▶ Aim of the exercise: The pictures get left out, but everything else in the listing below must be duplicated exactly.

▶ Raw data:
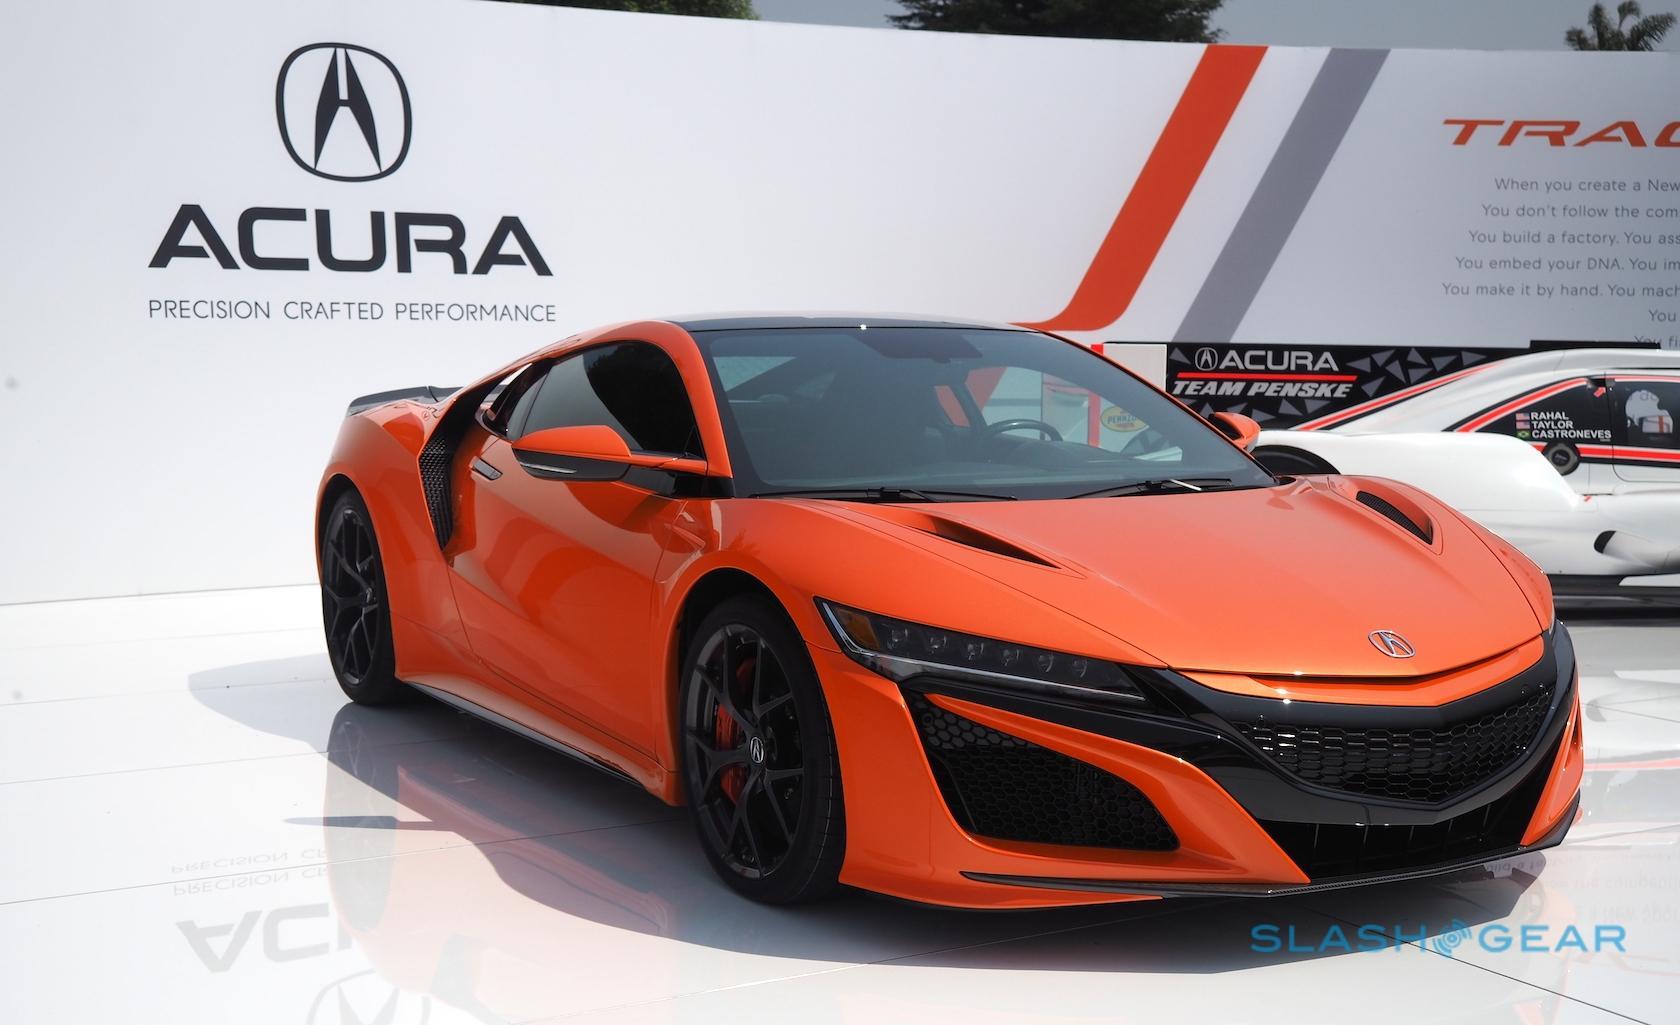 The Top 6 Supercars for Under $200k - SlashGear
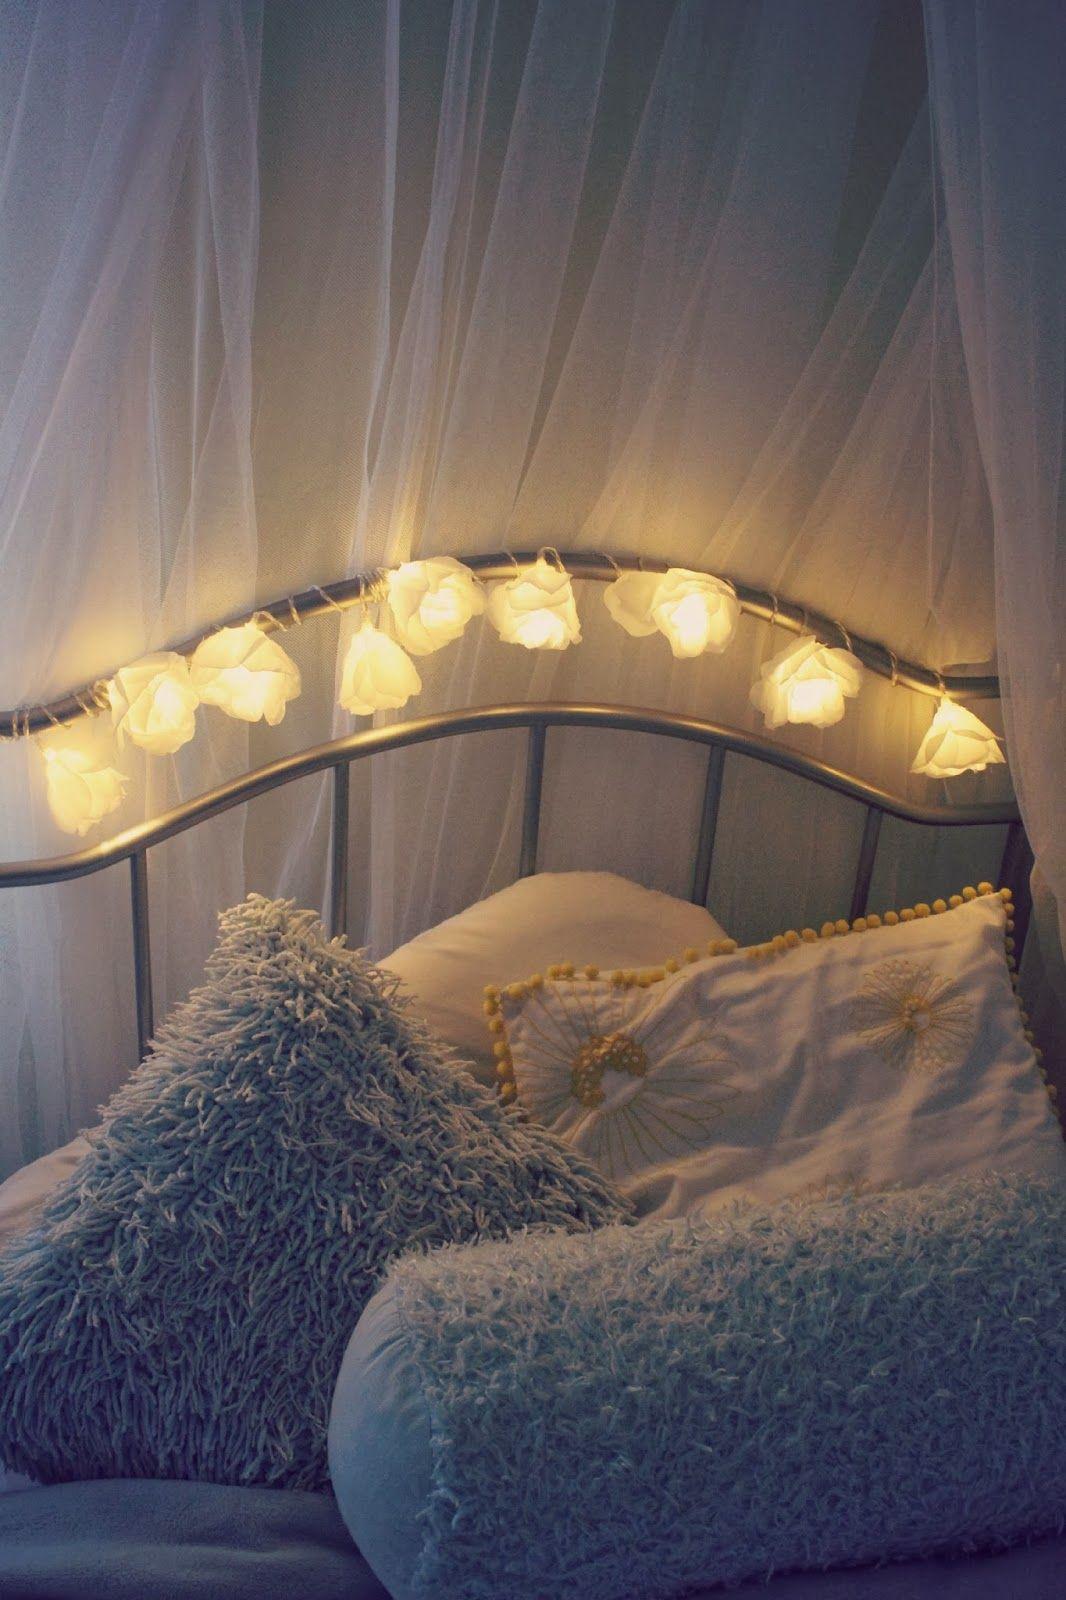 Low Cost Flower Fairy Lights Bedroom Decor Ideainspiration - Flower lights for bedroom
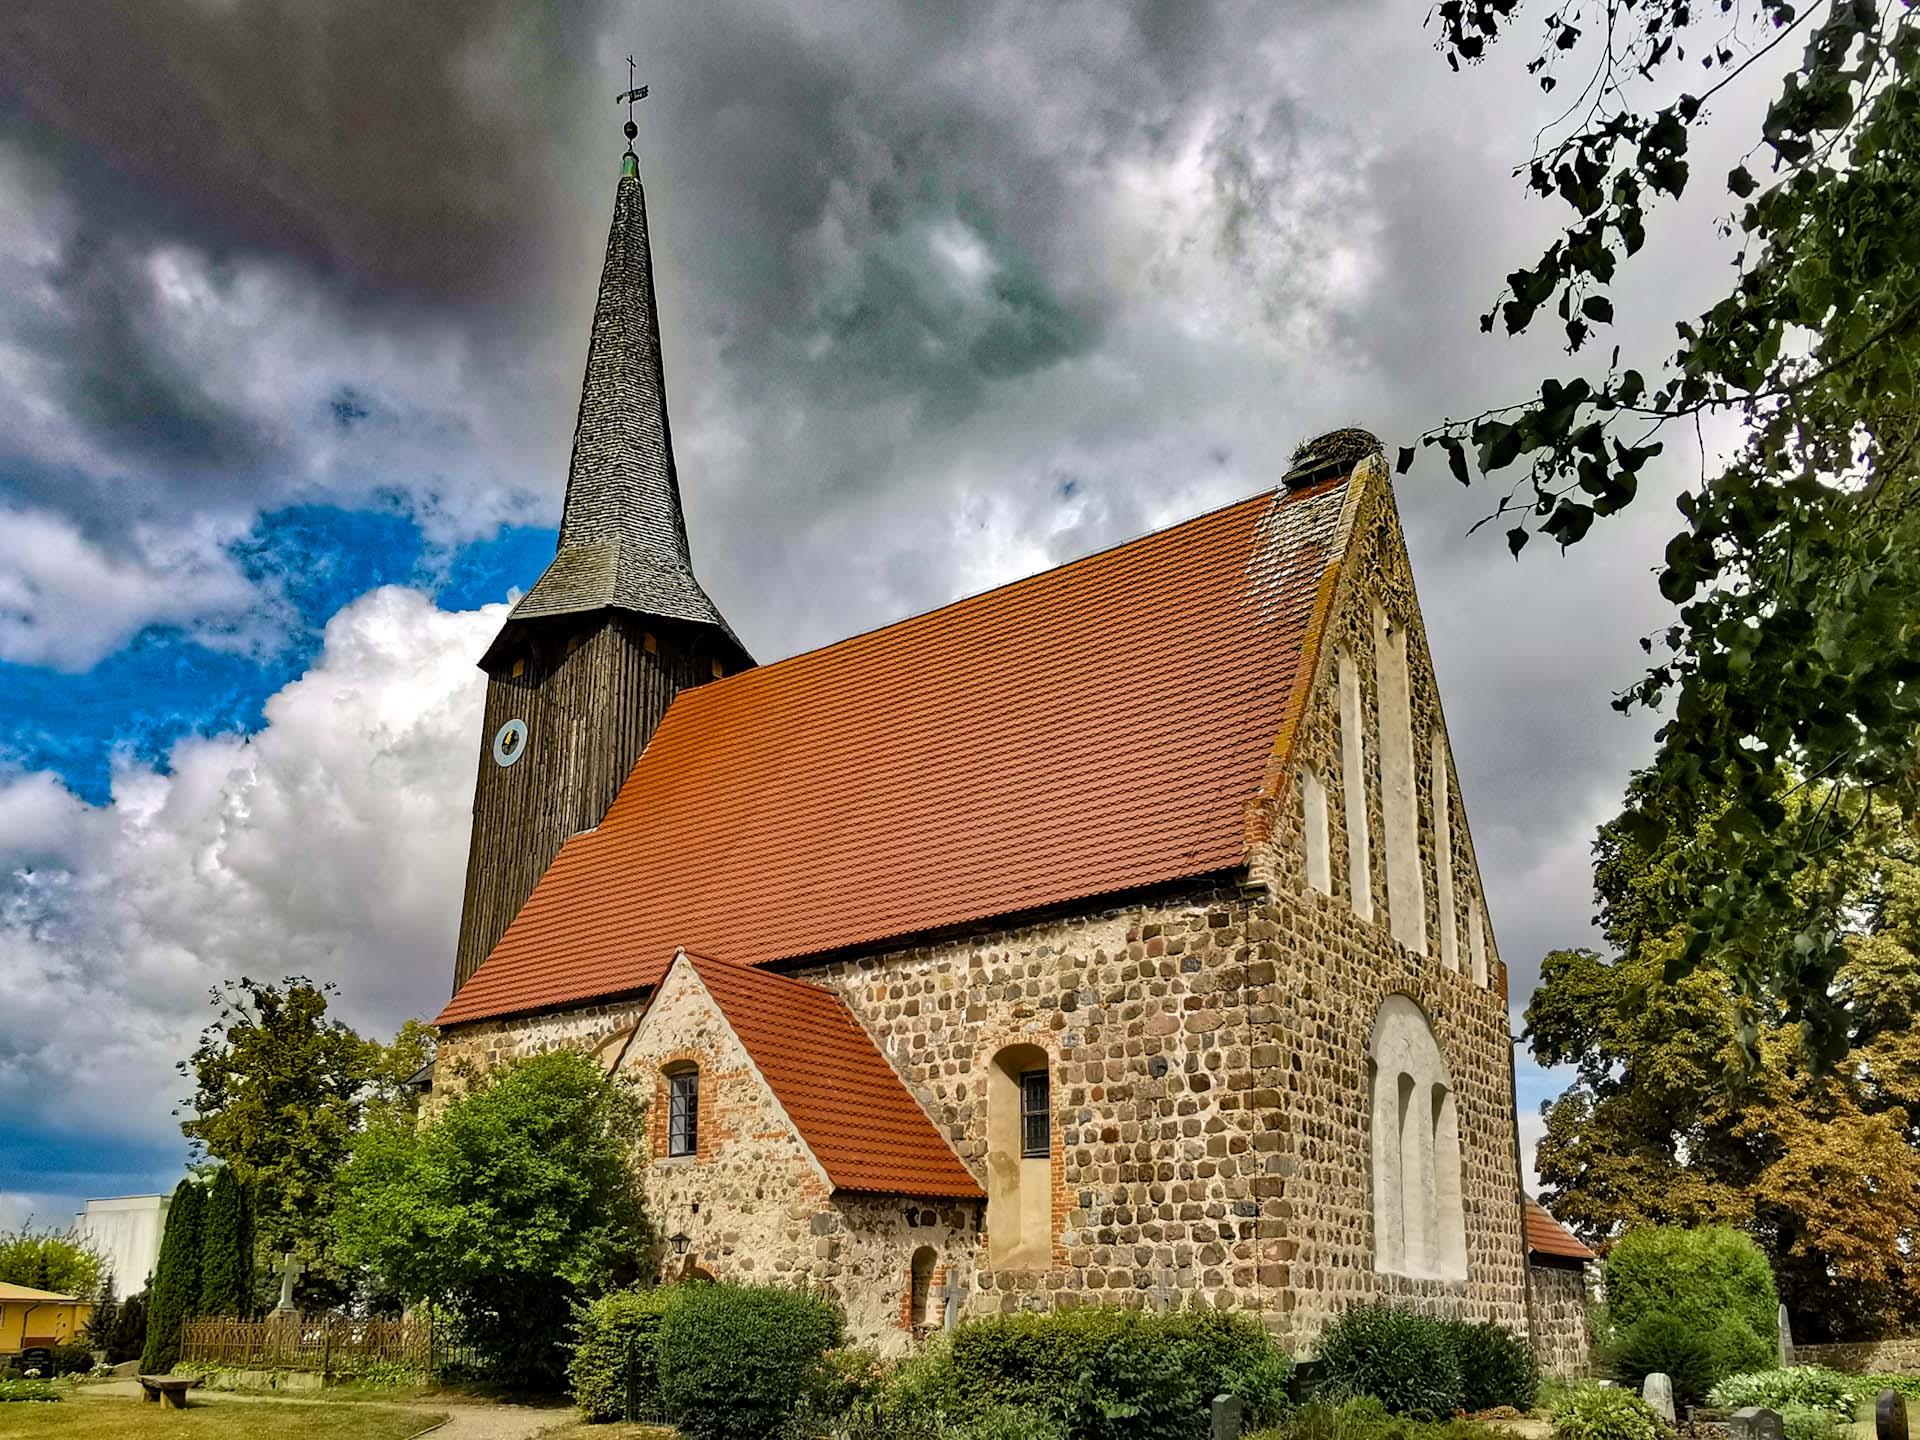 Dorfkirche Cölpin

▶ Written answer:
 The Top 6 Supercars for Under $200k - SlashGear
 Low Cost Flower Fairy Lights Bedroom Decor Ideainspiration - Flower lights for bedroom
 Dorfkirche Cölpin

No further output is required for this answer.